Research output: Contribution to conferencePaperpeer-review


Military officers, particularly those in the chain of command, are expected to provide “a good example of virtue, honor, patriotism, and subordination” (Snider, 2008). The aim of the present study was to examine the extent to which these values are reflected in the behavior that military officers exhibit crossing roads, as compared with soldiers' and civilians' road-crossing behavior. One thousand two hundred pedestrians were observed while crossing the street at an urban intersection in the center of Israel. Of these pedestrians, 594 (49.5%) were soldiers, 112 (9.33%) were officers and 488 (40.66%) were civilians. An observation grid was constructed to register pedestrians' crossing behavior. The independent variables encoded were gender, military status and military rank.
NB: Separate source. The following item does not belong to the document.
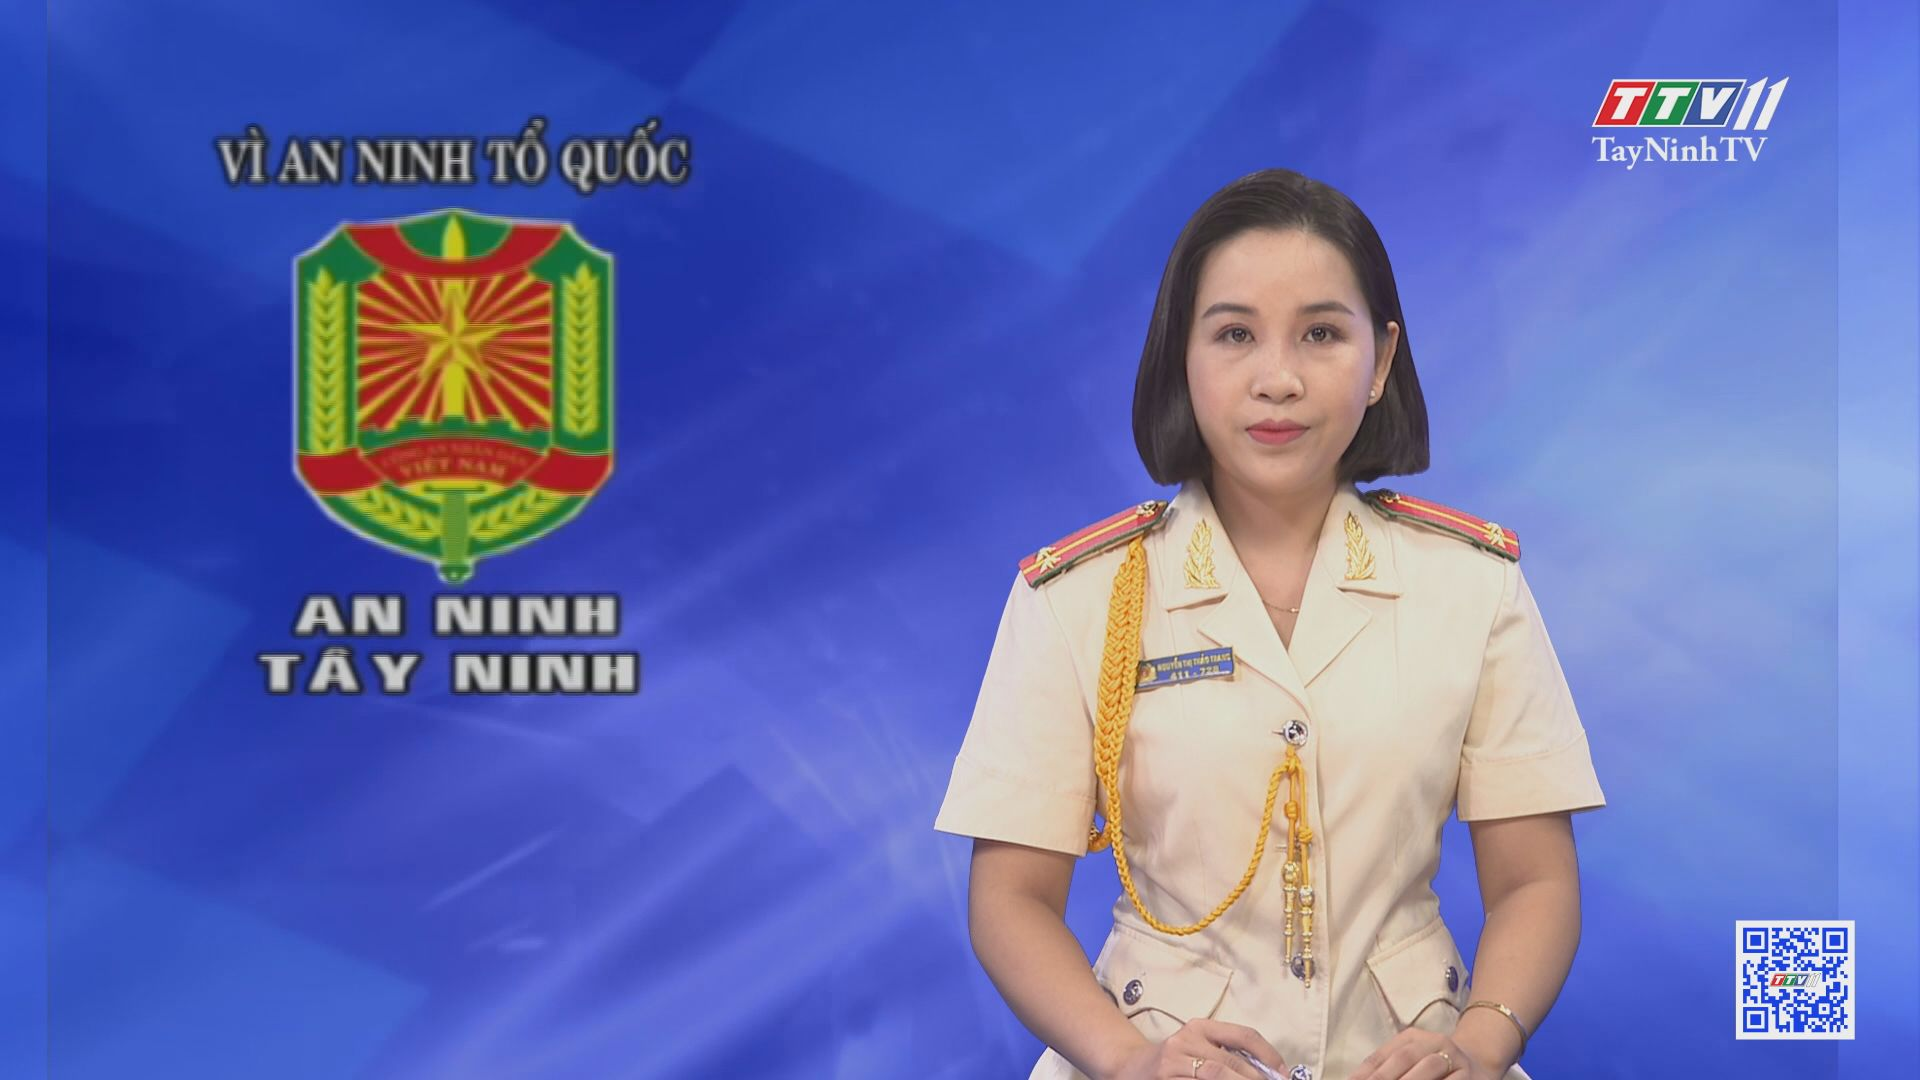 Trao quyết định hưởng chế độ hưu trí cho đại tá Nguyễn Tri Phương nguyên Giám đốc CA tỉnh Tây Ninh | VÌ AN NINH TỔ QUỐC | TayNinhTV

The dependent variables encoded were crossing the road at a red light; crossing a busy road; running across the road; crossing the road diagonally; crossing the road without looking both ways; and crossing without first stopping at the sidewalk edge. To compare the crossing behaviors of each group of pedestrians, a summation was made for the six parameters of safe crossing. An ANOVA compared the means of unsafe road-crossing behaviors of males and females, on the one hand, and of civilians, soldiers and officers, on the other. A post hoc Scheffe test conducted on the means showed that the mean of the unsafe road-crossing behaviors of the civilians (M = 1.55, SE = .04) was higher than that of the soldiers (M = 1.35, SE = .04) and of the officers (M = 1.21, SE = .08) p < .05. No significant difference was found between the means of the unsafe road-crossing behaviors of soldiers and officers, although the means of the officers' unsafe behaviors was lower than that of the soldiers. That is, both soldiers and officers exhibited road-crossing behavior that was significantly safer than that of civilians. Generally, more females waited for the green light (54.1%) than males (45.9%). No main effect of gender or interaction with belonging to the military was found.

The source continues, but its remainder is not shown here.